▸ **RAW DATA**

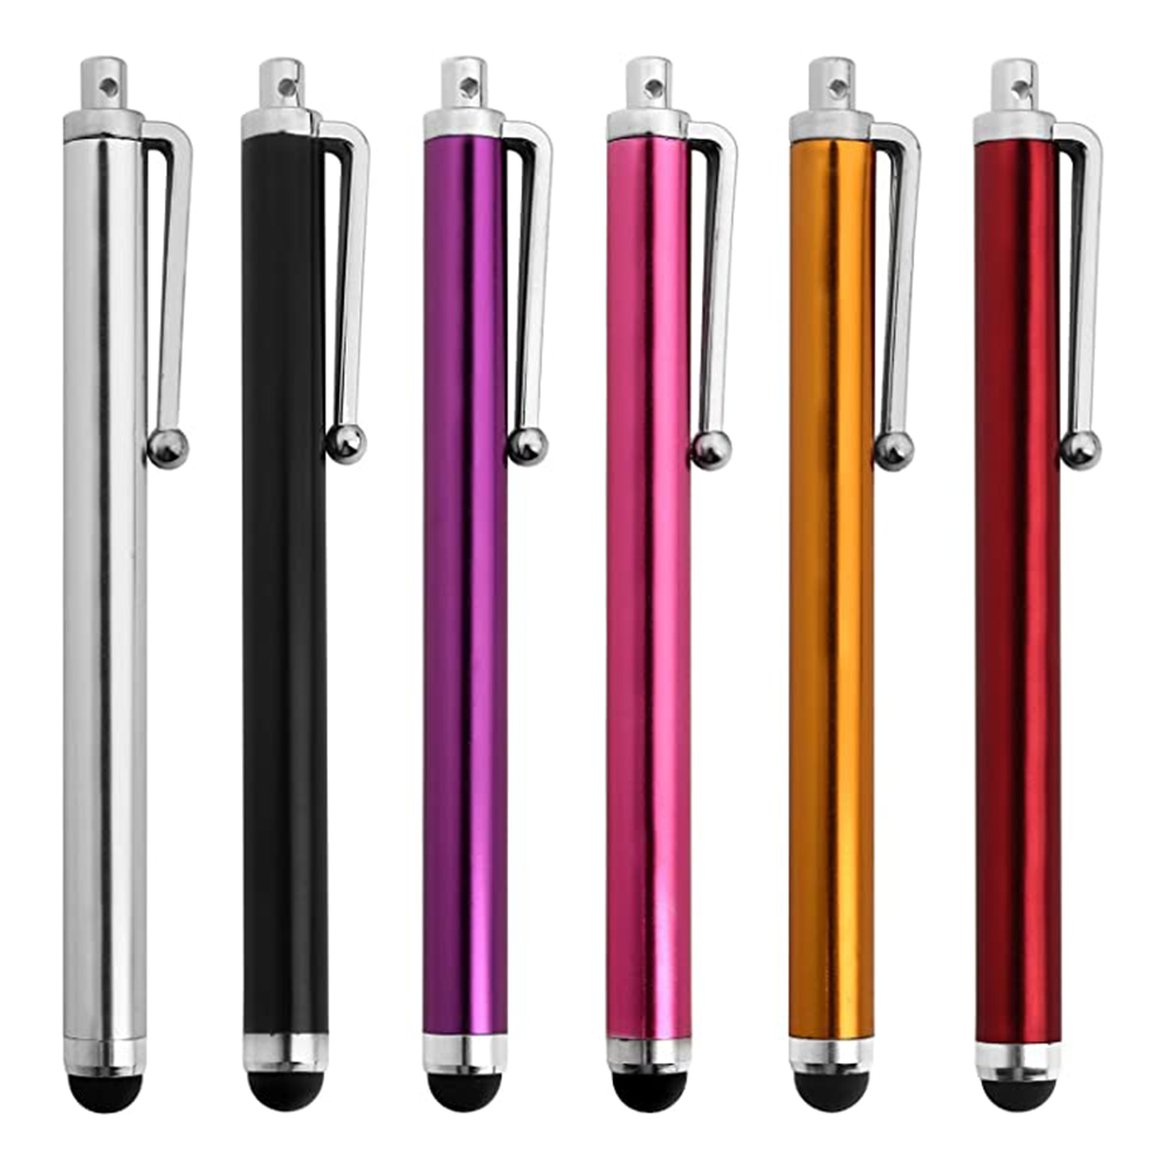 รูปภาพเพิ่มเติมเกี่ยวกับ Metal Capacitive Touch Screen Stylus Pen for Phone Ipad Tablet Pens Metal Universal Capacitive Touch Screen Stylus Pen Pens ALL touch screen devices EPEN
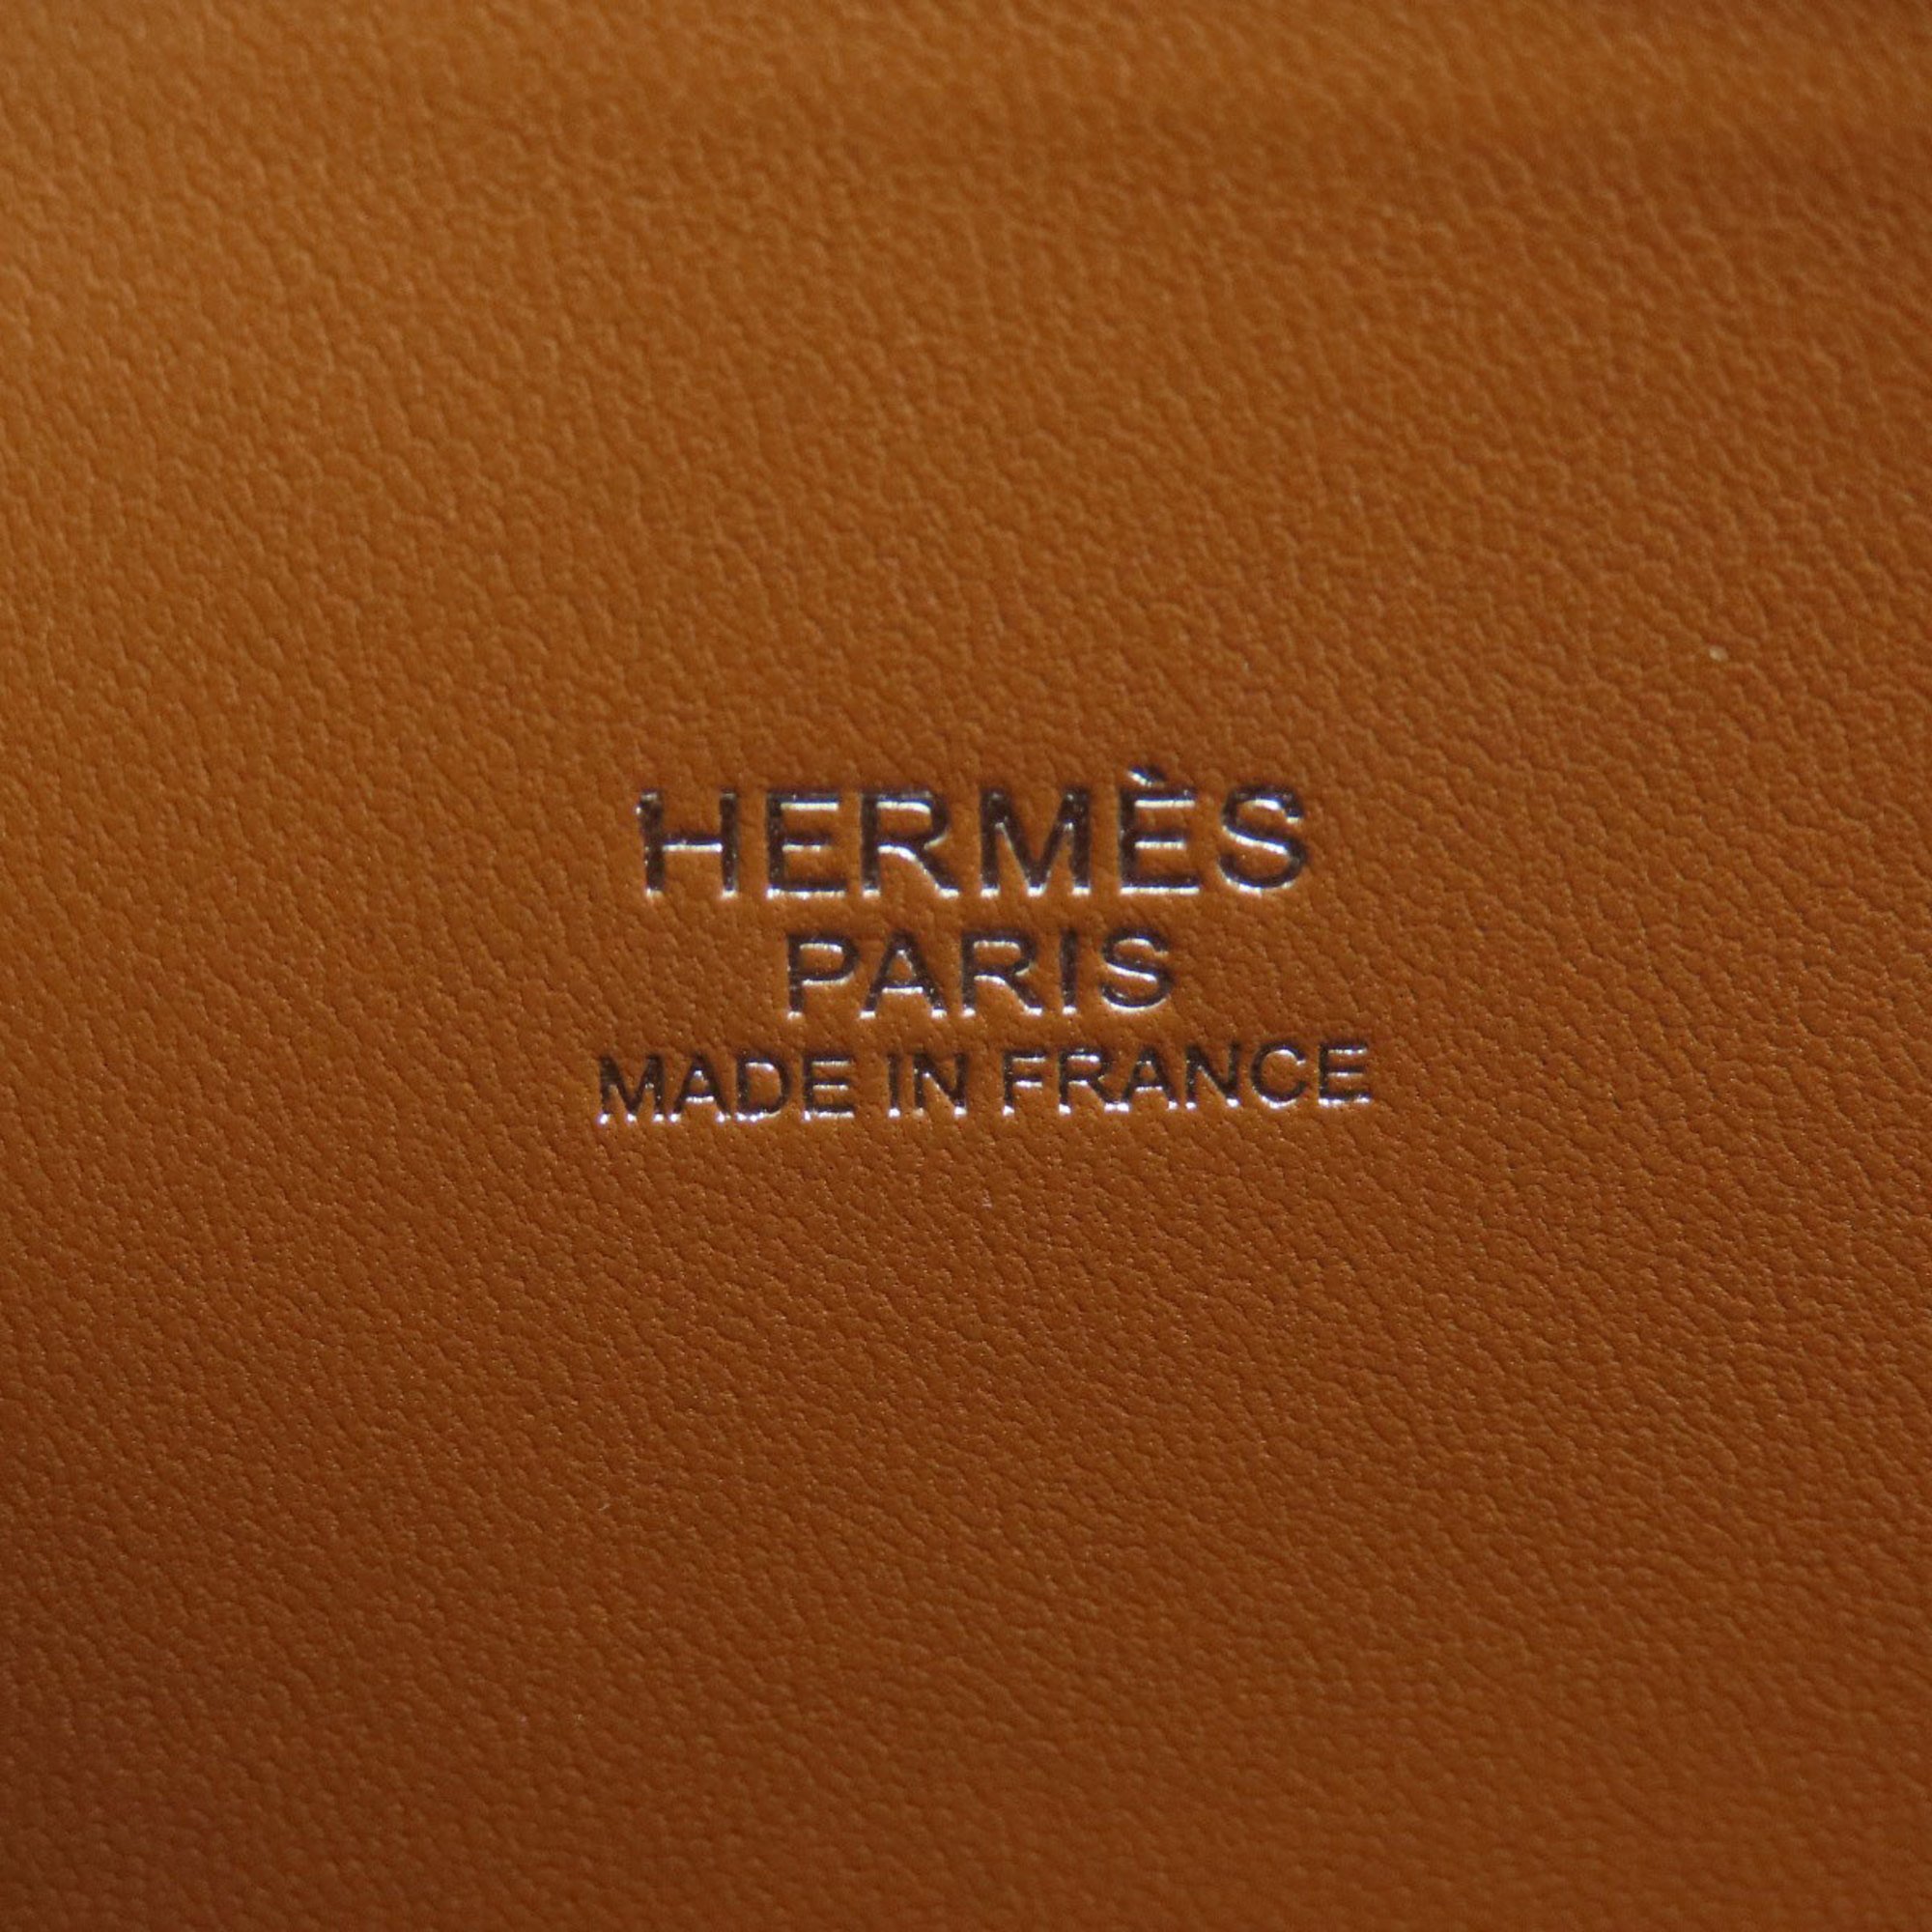 Hermes Bolide 27 Gold Handbag Epson Women's
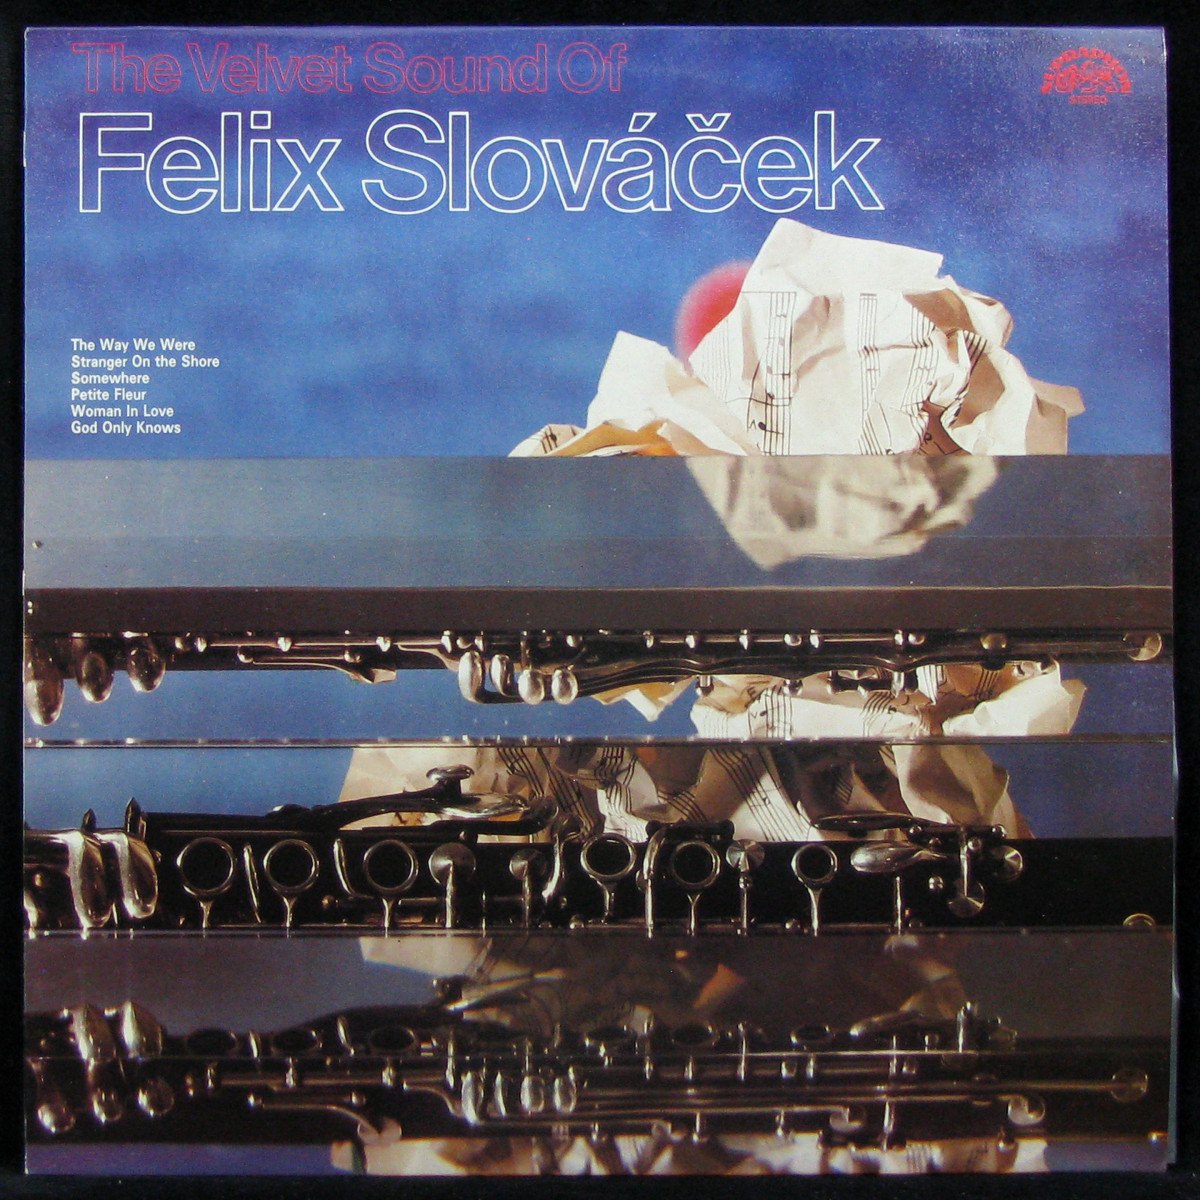 Velvet Sound Of Felix Slovacek

▸ **PROBLEM DETAILS**
Without any of its images, the data above should be returned exactly.

▸ **RESPONSE BELOW**
 รูปภาพเพิ่มเติมเกี่ยวกับ Metal Capacitive Touch Screen Stylus Pen for Phone Ipad Tablet Pens Metal Universal Capacitive Touch Screen Stylus Pen Pens ALL touch screen devices EPEN
 Hermes Bolide 27 Gold Handbag Epson Women's
 Velvet Sound Of Felix Slovacek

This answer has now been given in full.